Case: Mochi is a 7 year old Corgi mix that develop facial swelling below her right eye. She had previously had a root canal performed at her previous vet on her right carnassial tooth. As you can see on the second photo that the tooth is fractured, but no swelling or redness is noted around the tooth. She was diagnosed with a tooth root abscess with dental x-rays (see the red arrows on third photo). Her owner elected for tooth extraction and this tooth was removed during a dental cleaning. The facial swelling resolved after treatment.
FUN FACT: Mochi 6 month prior had a similar presentation, diagnosis, and treatment on the left carnassial tooth. It is not uncommon for a dog to cause trauma to teeth on both sides of their mouth resulting in multiple diseased teeth.
What is a tooth root abscess?
An abscess of a tooth root is a severe infection that develops around the root of the affected tooth.
What is the most common location?
Any tooth can fracture; however, the upper carnassial tooth (fourth premolar) is the most commonly broken tooth that can develop a tooth root abscess. This tooth has three roots that can be up to ½ - ¾ inch long.

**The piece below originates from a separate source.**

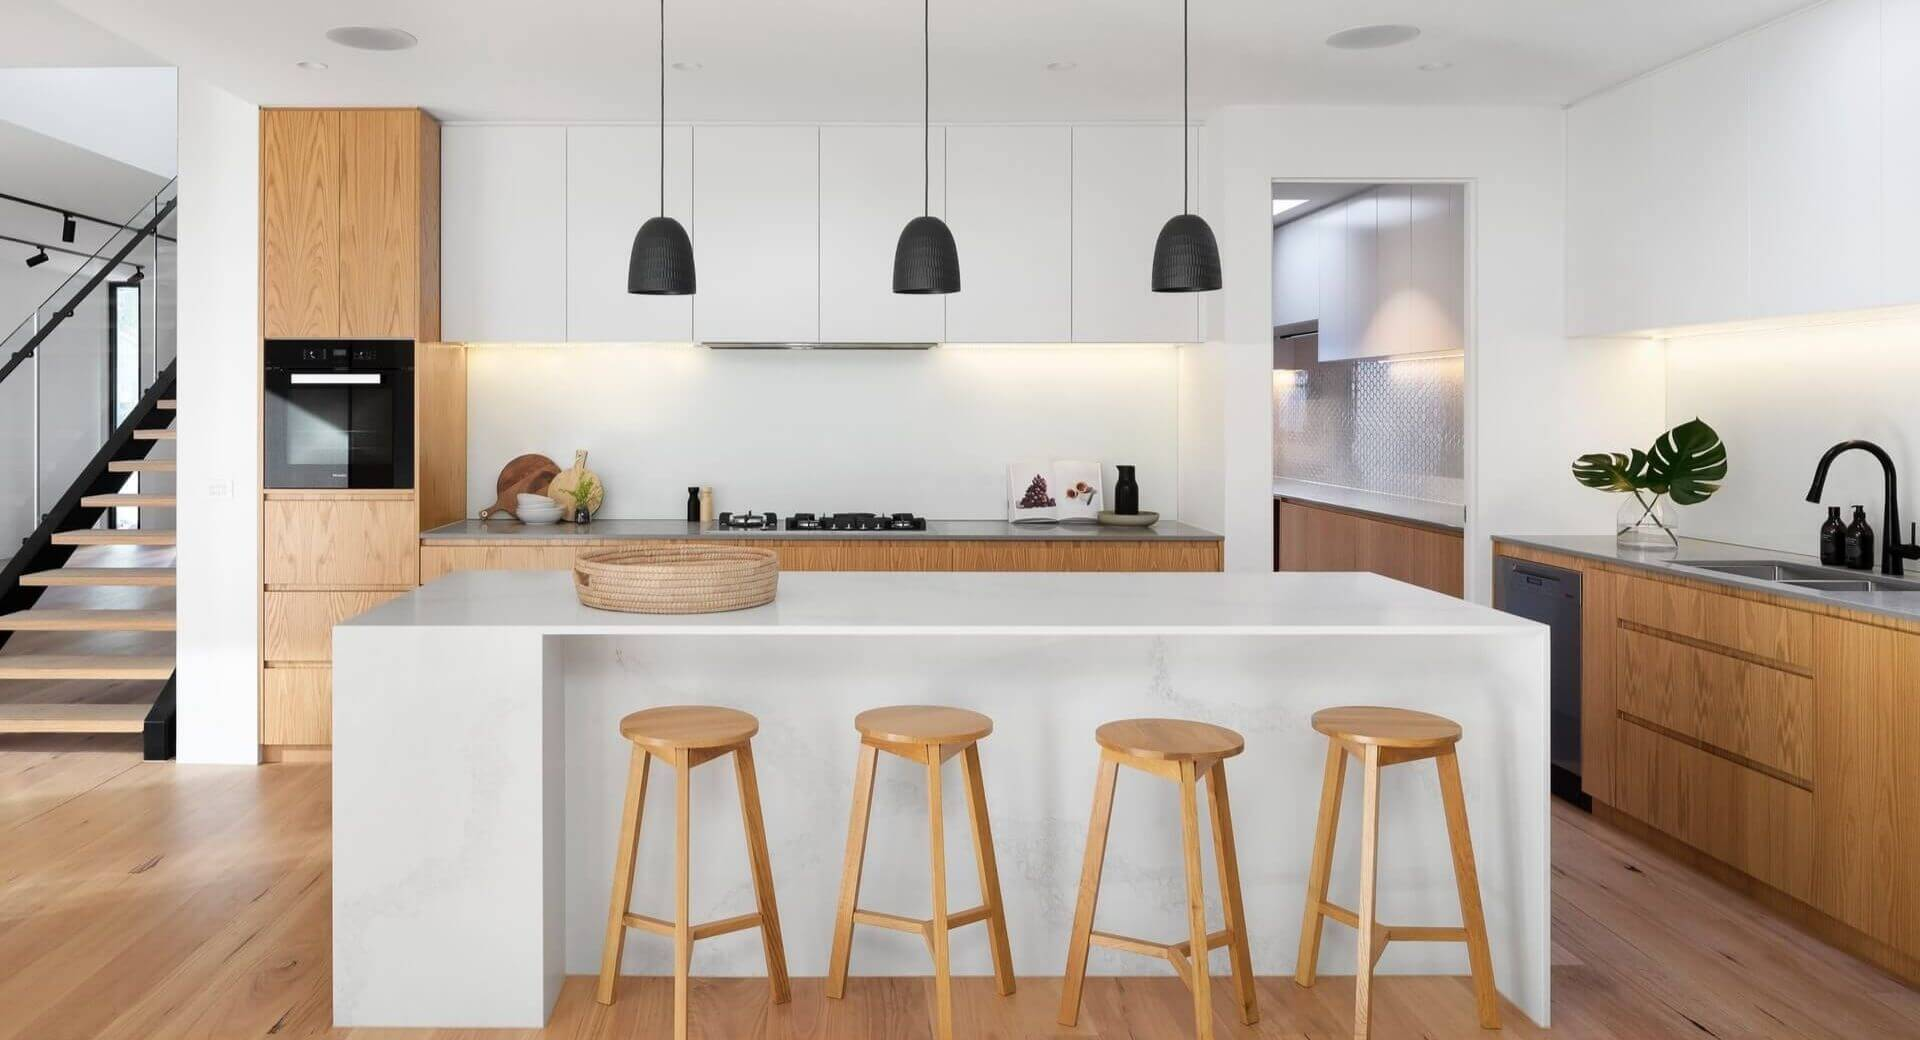 Kitchendesign Látványterv Konyhabútor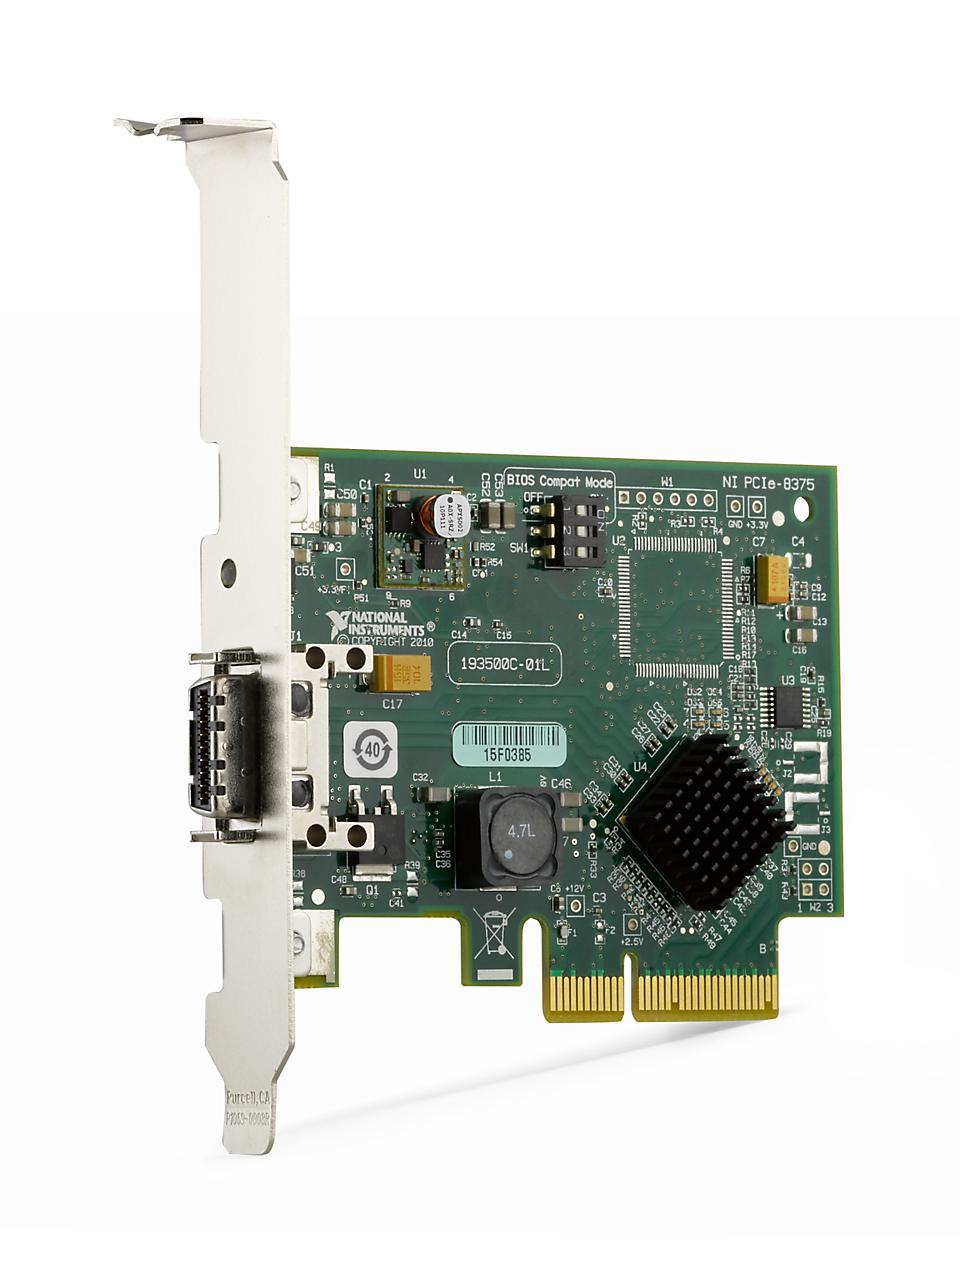 PCIe-8375

What causes a tooth root abscess?
A tooth root abscess is usually caused by a broken or traumatized tooth leading to an exposed root canal, or pulp. Bacteria enter the root canal leading to a severely painful infection. The most common causes of injury to a healthy tooth include a dog chewing on bone, antler, ice cubes, cow hoof, nylon bones, hard plastic toys, or sticks.
What is a slab fracture?
A slab fracture develops when a dog bites down with the carnassial teeth on a hard object at just the right angle. This pressure can lead to fracturing of a small flake or a slab of the outside of this tooth. This can occur on either side of the mouth. If a large enough piece is broken off, the sensitive dentin and often the nerve and pulp can be exposed. This can be painful and can set your pet up for a tooth root abscess in the near future if not corrected as soon as possible.
What are the signs of a tooth root abscess?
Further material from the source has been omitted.